> **What is needed**: Quote every line below exactly and skip any picture.

> **Data below**:

■ ■ ■ ■ ■ ■ ■

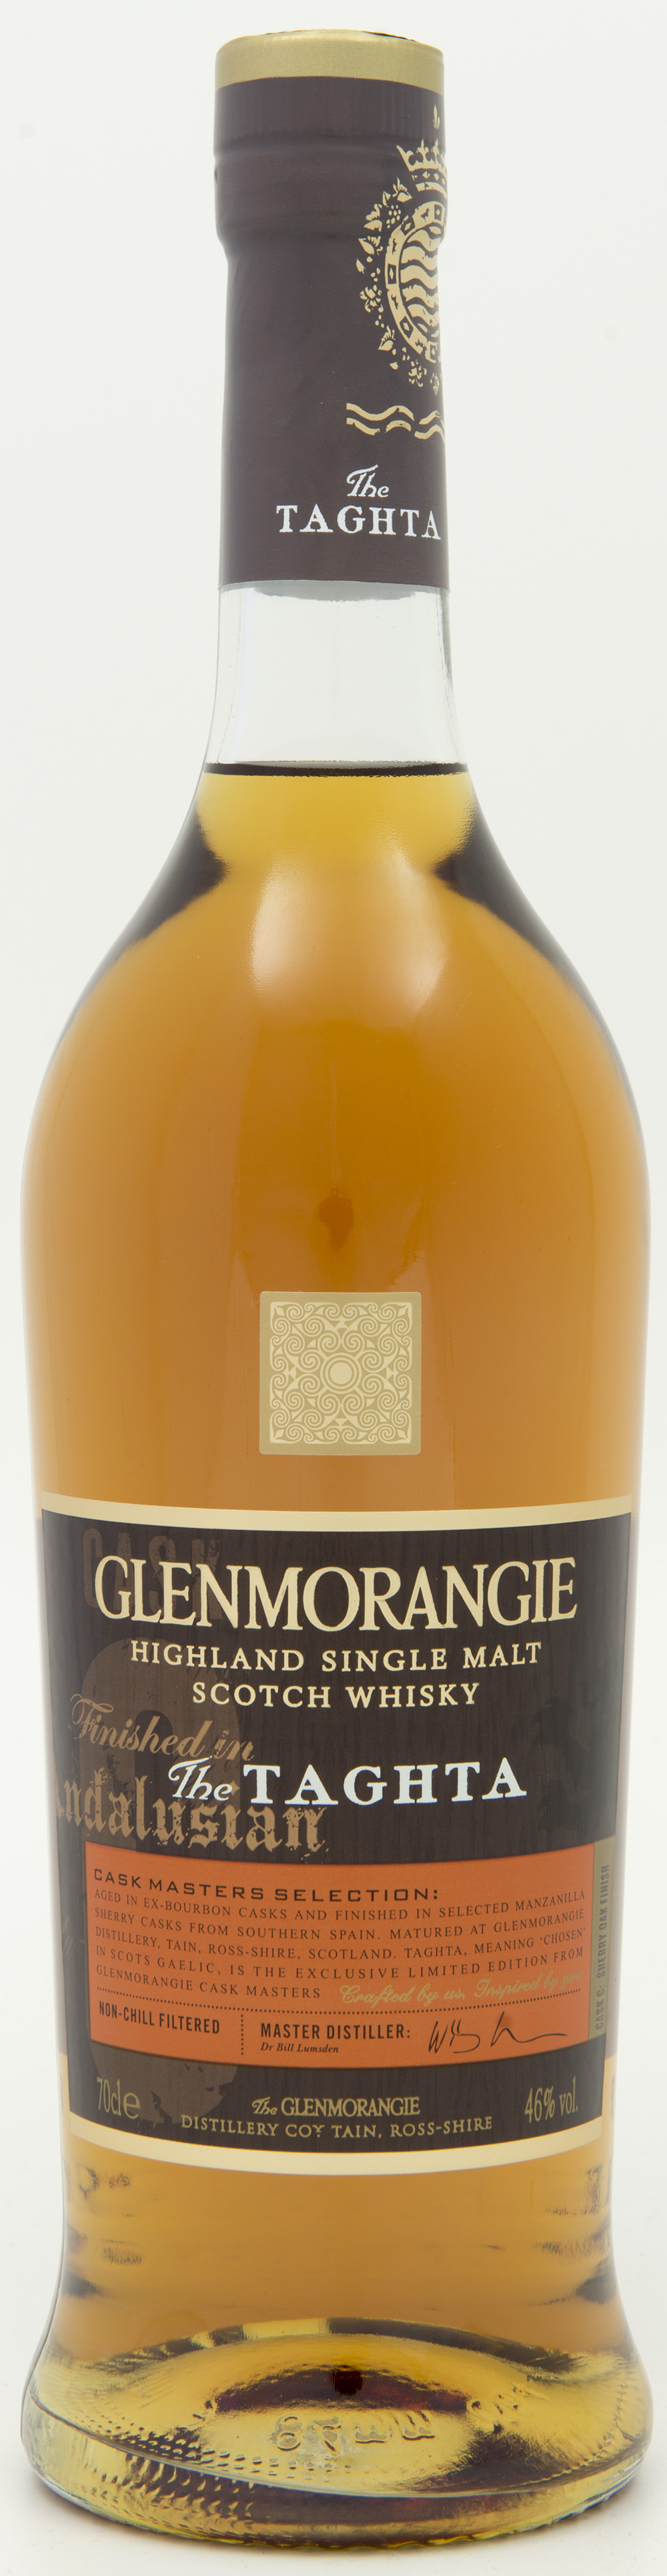 Billede: DSC_8191 - Glenmorangie The Taghta - bottle front.jpg
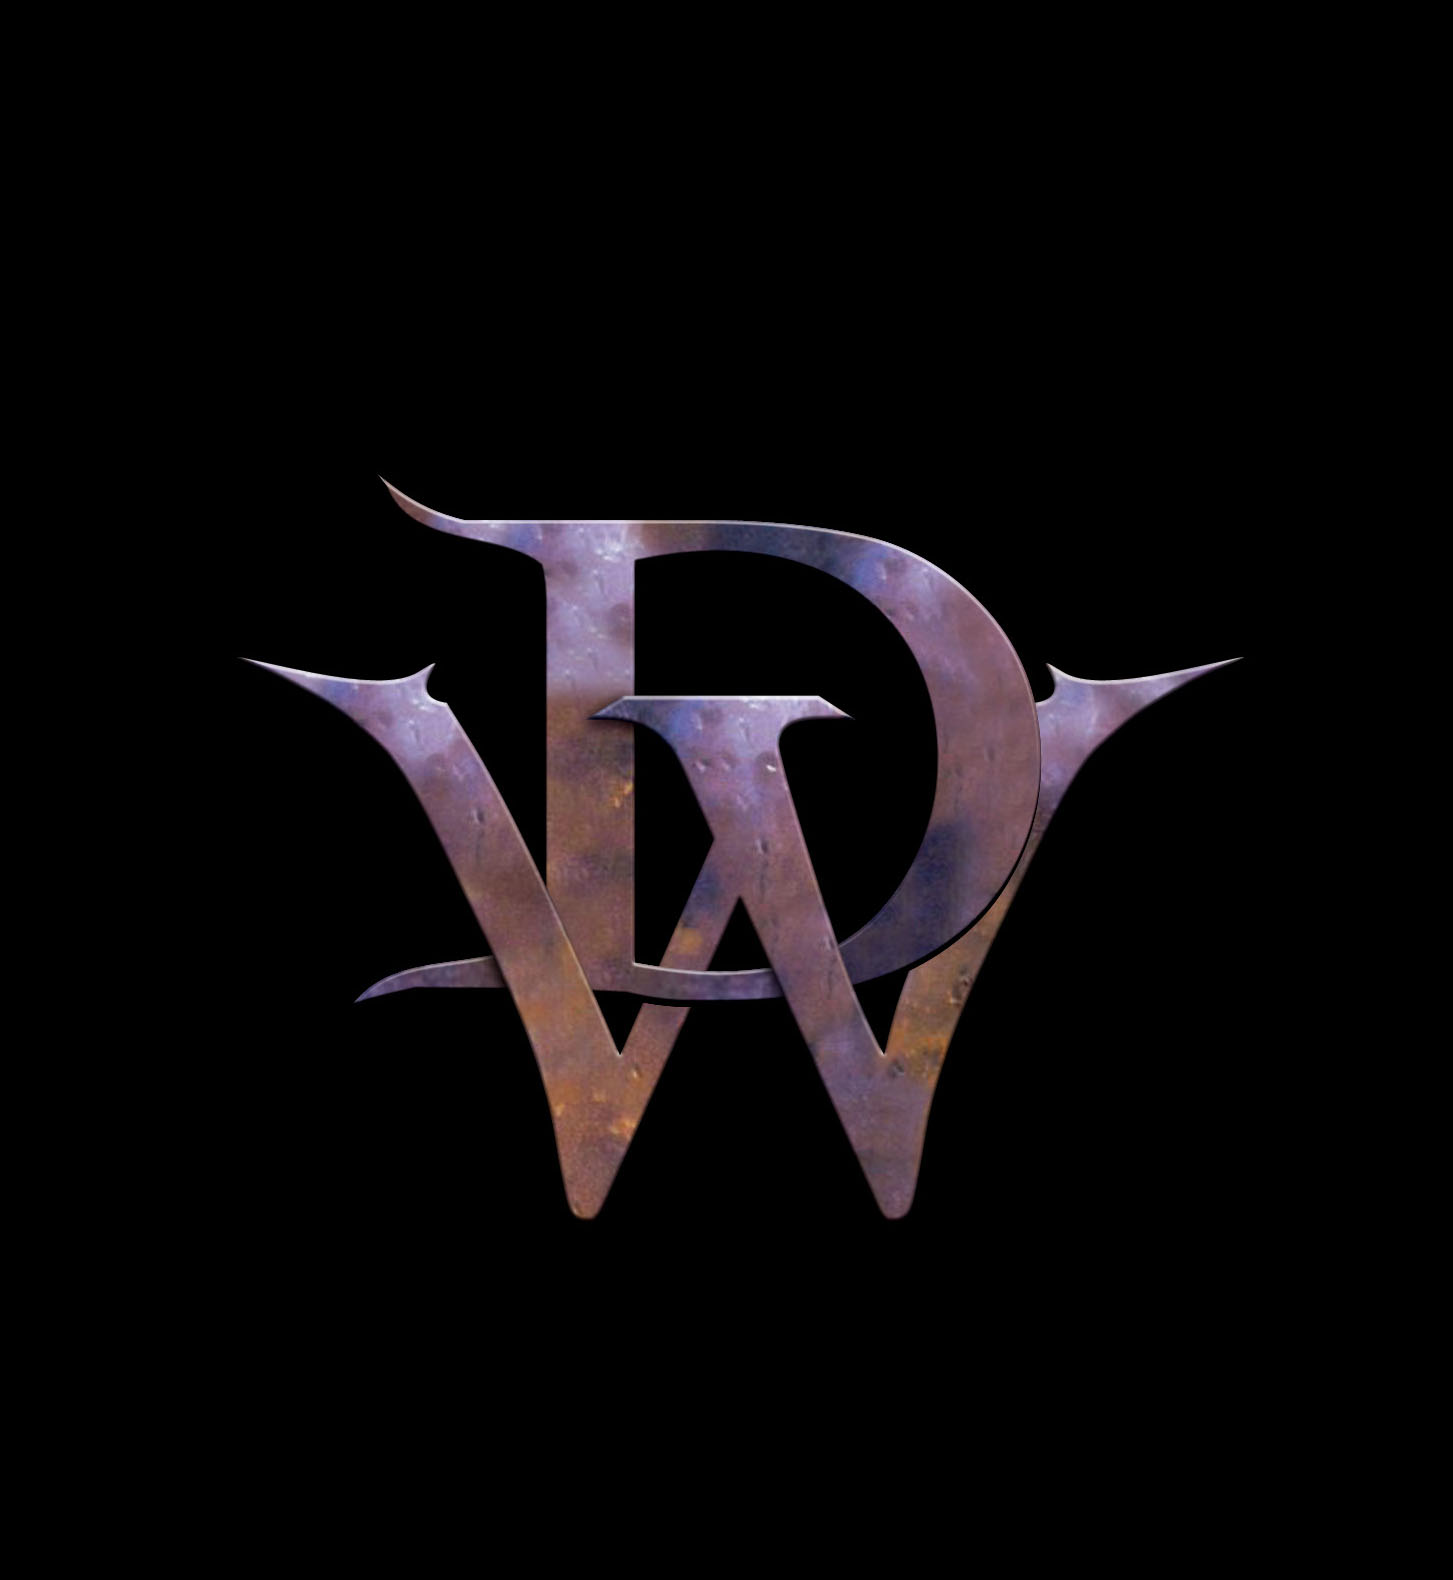 dw logo
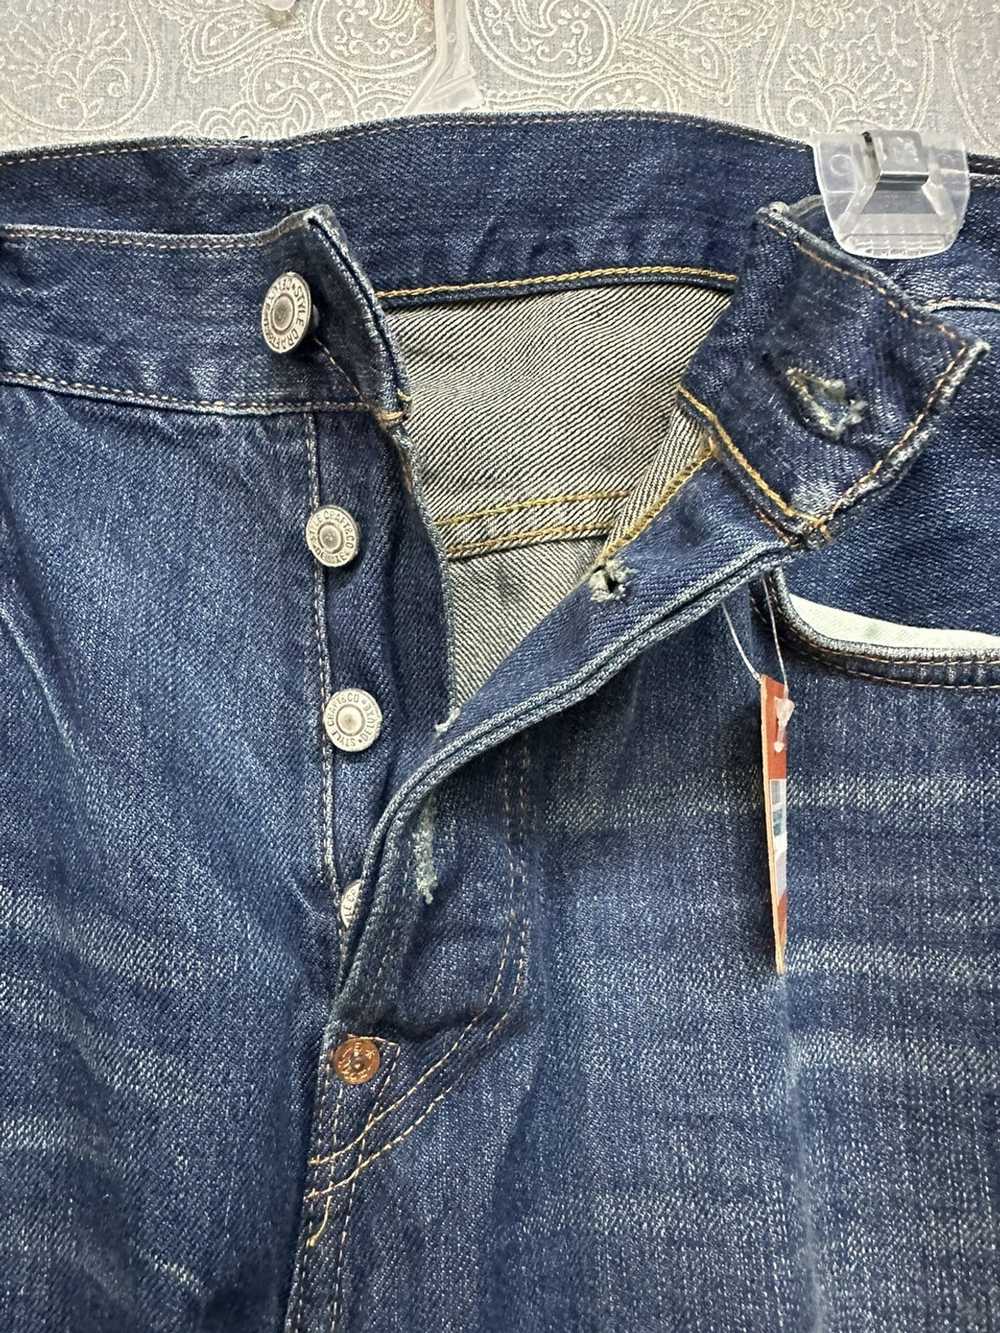 Evisu × Japanese Brand Evisu Denim Jeans X Japane… - image 5

■ ■ ■ ■ ■ ■ ■

> **Written solution**:
 Billede: DSC_8191 - Glenmorangie The Taghta - bottle front.jpg
 dw logo
 Evisu × Japanese Brand Evisu Denim Jeans X Japane… - image 5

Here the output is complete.